- Opening Delimiter -

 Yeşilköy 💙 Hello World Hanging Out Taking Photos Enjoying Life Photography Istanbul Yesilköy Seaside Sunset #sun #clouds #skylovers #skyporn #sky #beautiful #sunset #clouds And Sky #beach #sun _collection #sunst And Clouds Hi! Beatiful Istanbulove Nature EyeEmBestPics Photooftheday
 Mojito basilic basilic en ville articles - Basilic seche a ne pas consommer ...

- Closing Delimiter -
- Opening Delimiter -

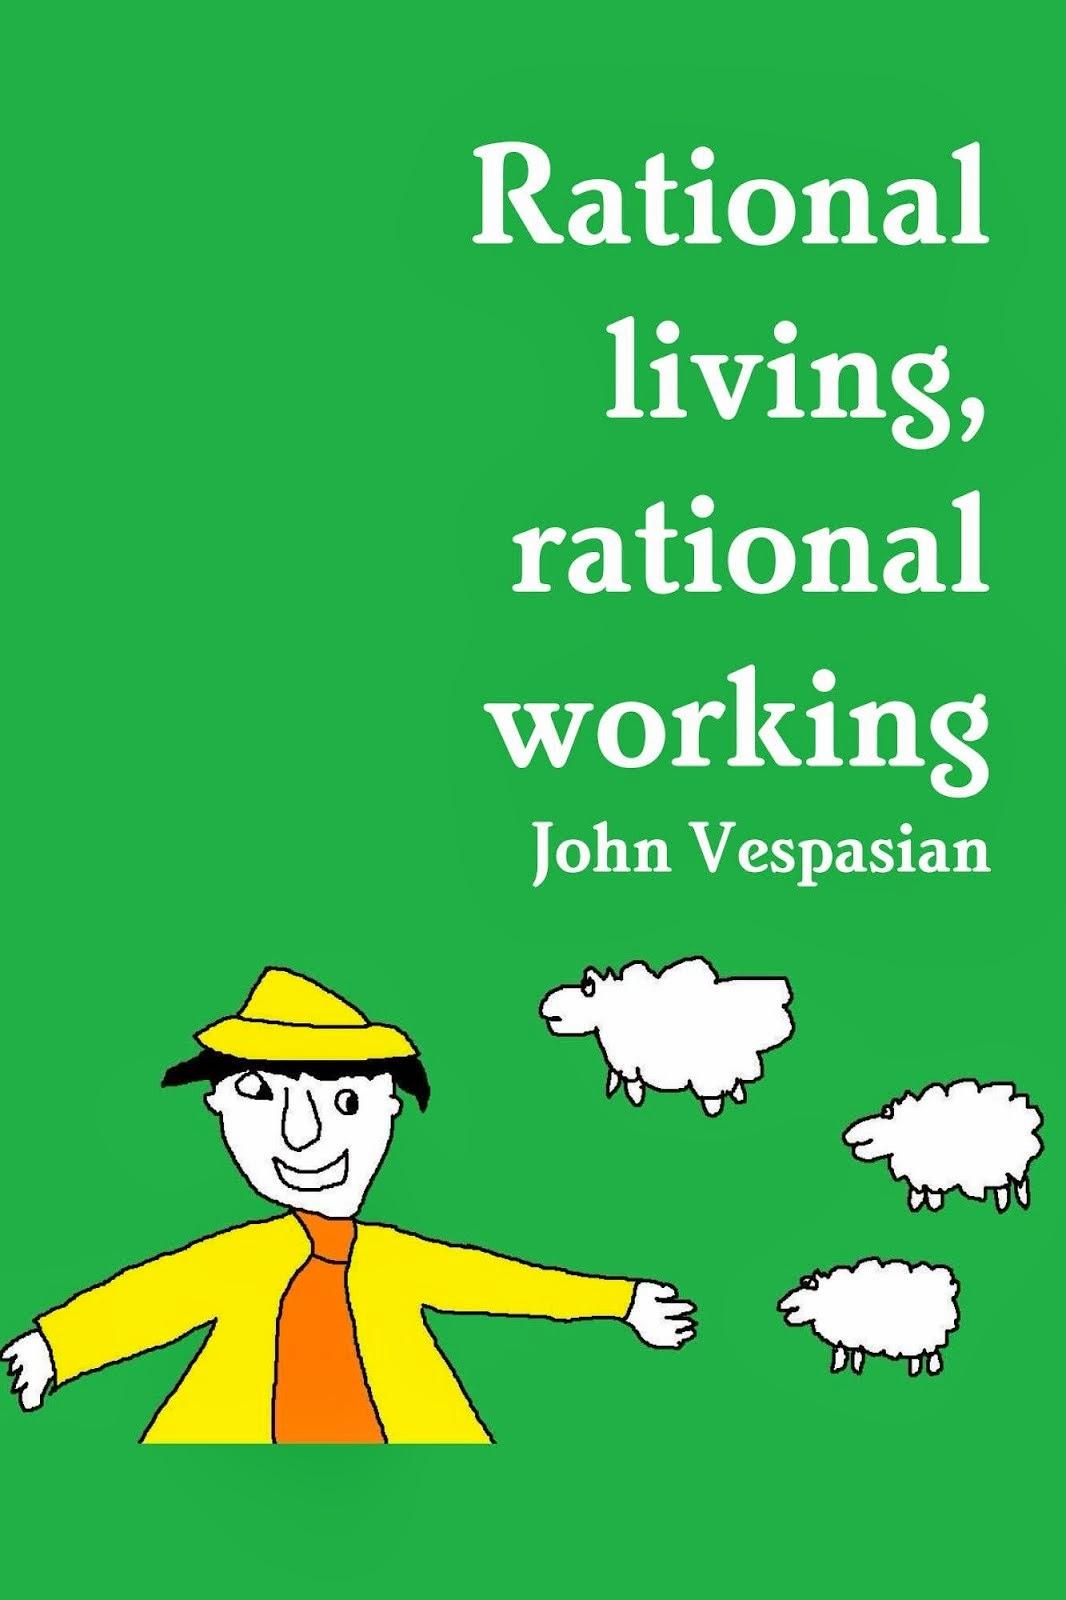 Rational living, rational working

- Closing Delimiter -
- Opening Delimiter -

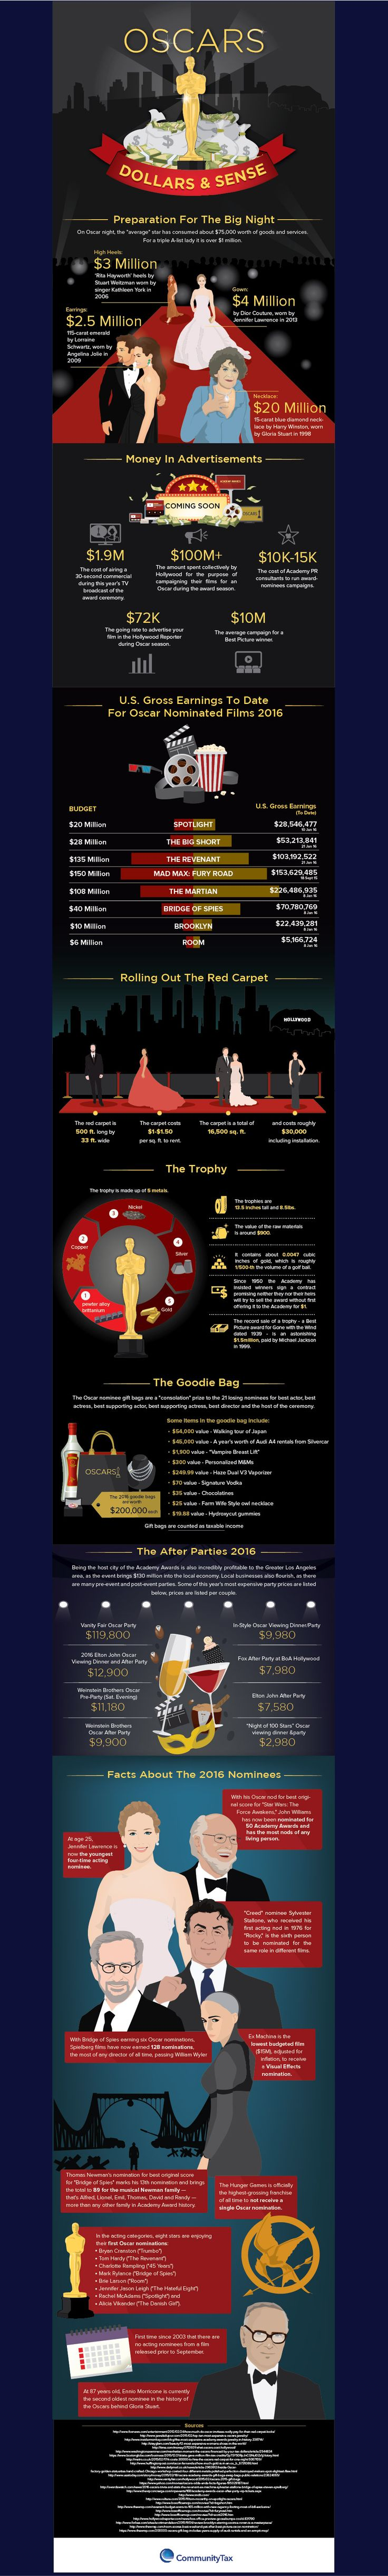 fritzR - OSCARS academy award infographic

- Closing Delimiter -

▸ **What is required**
Using the entries above, repeat only the lines from the one containing "Yeşilköy 💙 Hello" through the one containing "Mojito basilic basilic", end lines included.

▸ **Written solution**
 Yeşilköy 💙 Hello World Hanging Out Taking Photos Enjoying Life Photography Istanbul Yesilköy Seaside Sunset #sun #clouds #skylovers #skyporn #sky #beautiful #sunset #clouds And Sky #beach #sun _collection #sunst And Clouds Hi! Beatiful Istanbulove Nature EyeEmBestPics Photooftheday
 Mojito basilic basilic en ville articles - Basilic seche a ne pas consommer ...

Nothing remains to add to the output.